Both KGM and the Union argued to the Arbitrator that the language of the KGM CBA was clear and unambiguous. KGM argued that section 12.01 contained no indication or evidence of any intent to have KGM pay an employee's medical insurance premiums when that employee was already on an extended leave because of a disability. The Union, on the other hand, argued that Marinas was an "eligible" employee because he had worked for KGM for more than sixty days, and, under section 12.03 of the CBA, "Medical benefits for new employees will commence on the first day of the month following sixty (60) days of employment." Of course, at the time the CBA became effective in August 2004, Marinas had worked for KGM for close to a year.

The Arbitrator determined that sections 12.01 through 12.03 did not expressly address whether KGM had an "obligation to provide medical insurance coverage in the specific context of an employee on long[-]term leave of absence due to disability." Arbitration Award at 9. He concluded that the contractual provisions regarding provision of medical insurance to Marinas were not clear and unambiguous. Id. He therefore looked to the parties' bargaining history and past practice to determine whether the parties had intended to provide that insurance to Marinas. Id.
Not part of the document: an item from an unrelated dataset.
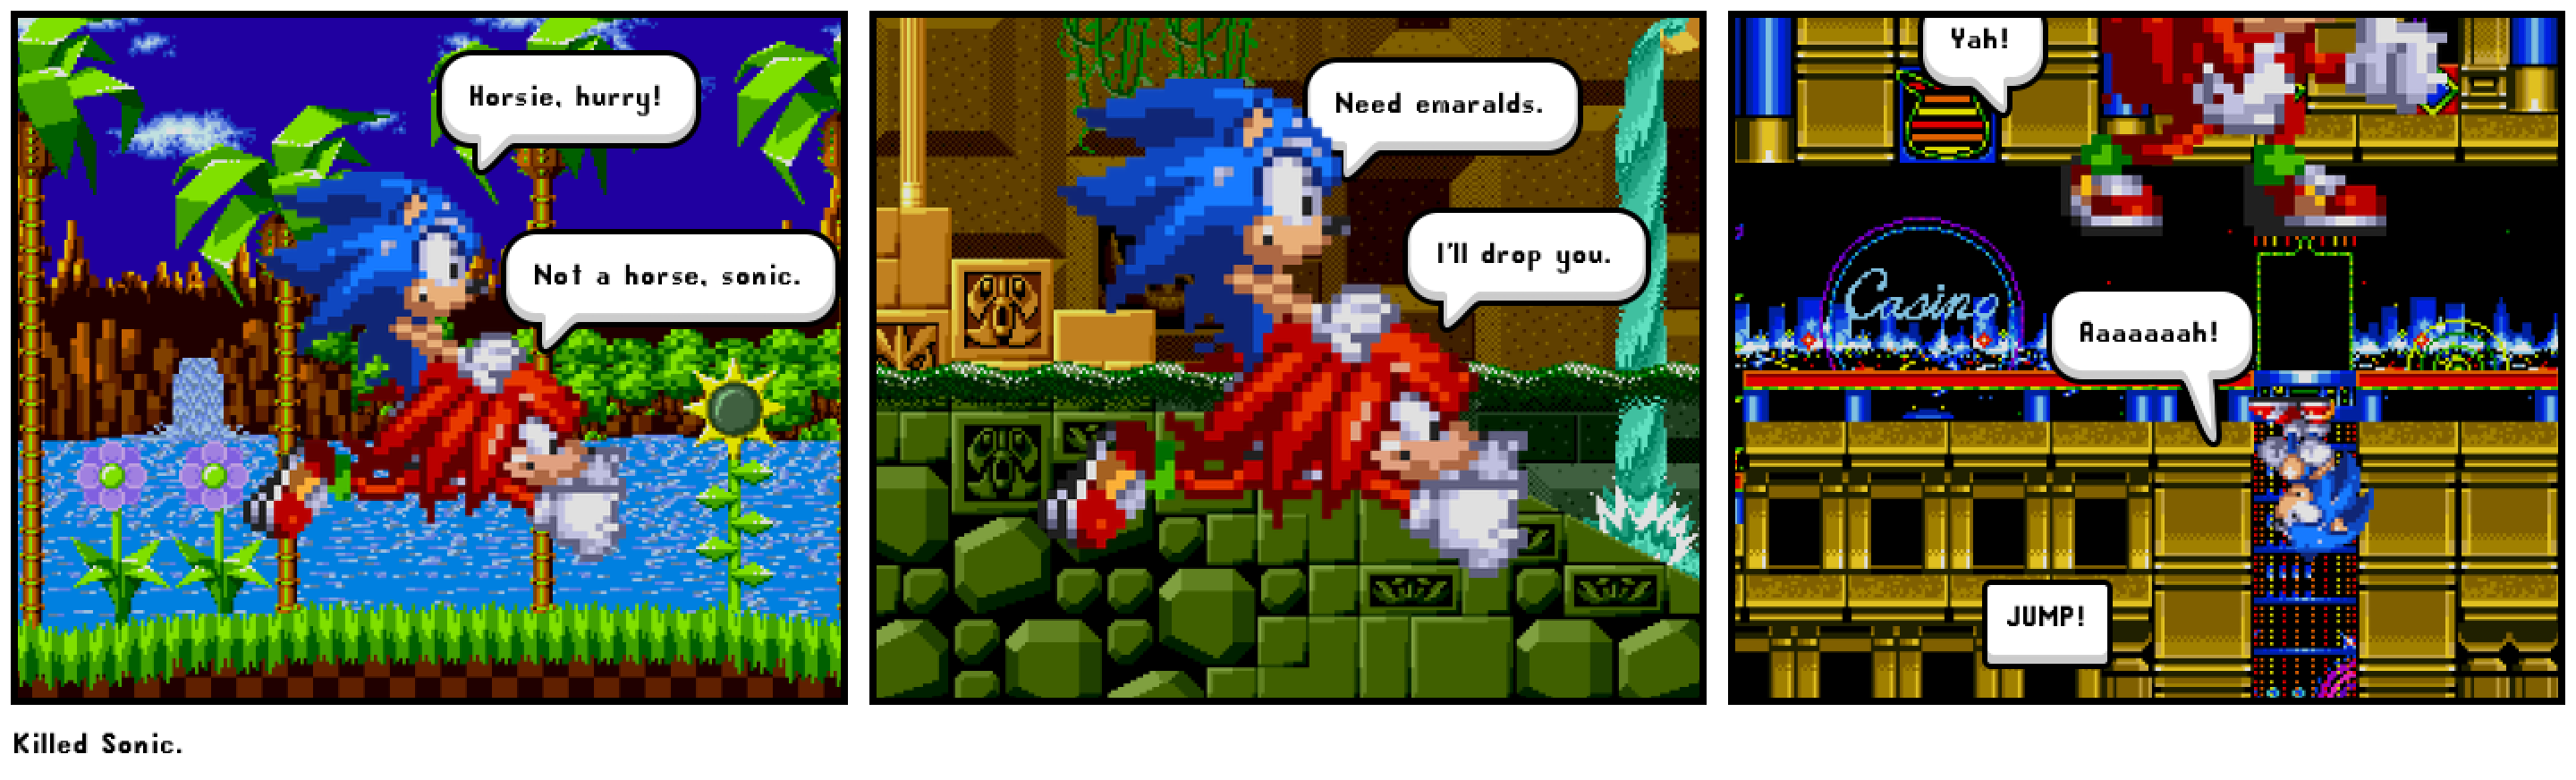 Killed Sonic.

The Arbitrator determined that the parties' bargaining history indicated that they did not intend for Marinas to continue to receive medical insurance paid for by KGM. See Arbitration Award at 14. The Union had proposed language for the CBA that addressed the continuation of medical insurance in the context of leaves of absence for serious health conditions. See id. at 10. Because that language was not included in the CBA, the Arbitrator reasoned that its omission indicated an intent not to be bound by the language. Id. at 14.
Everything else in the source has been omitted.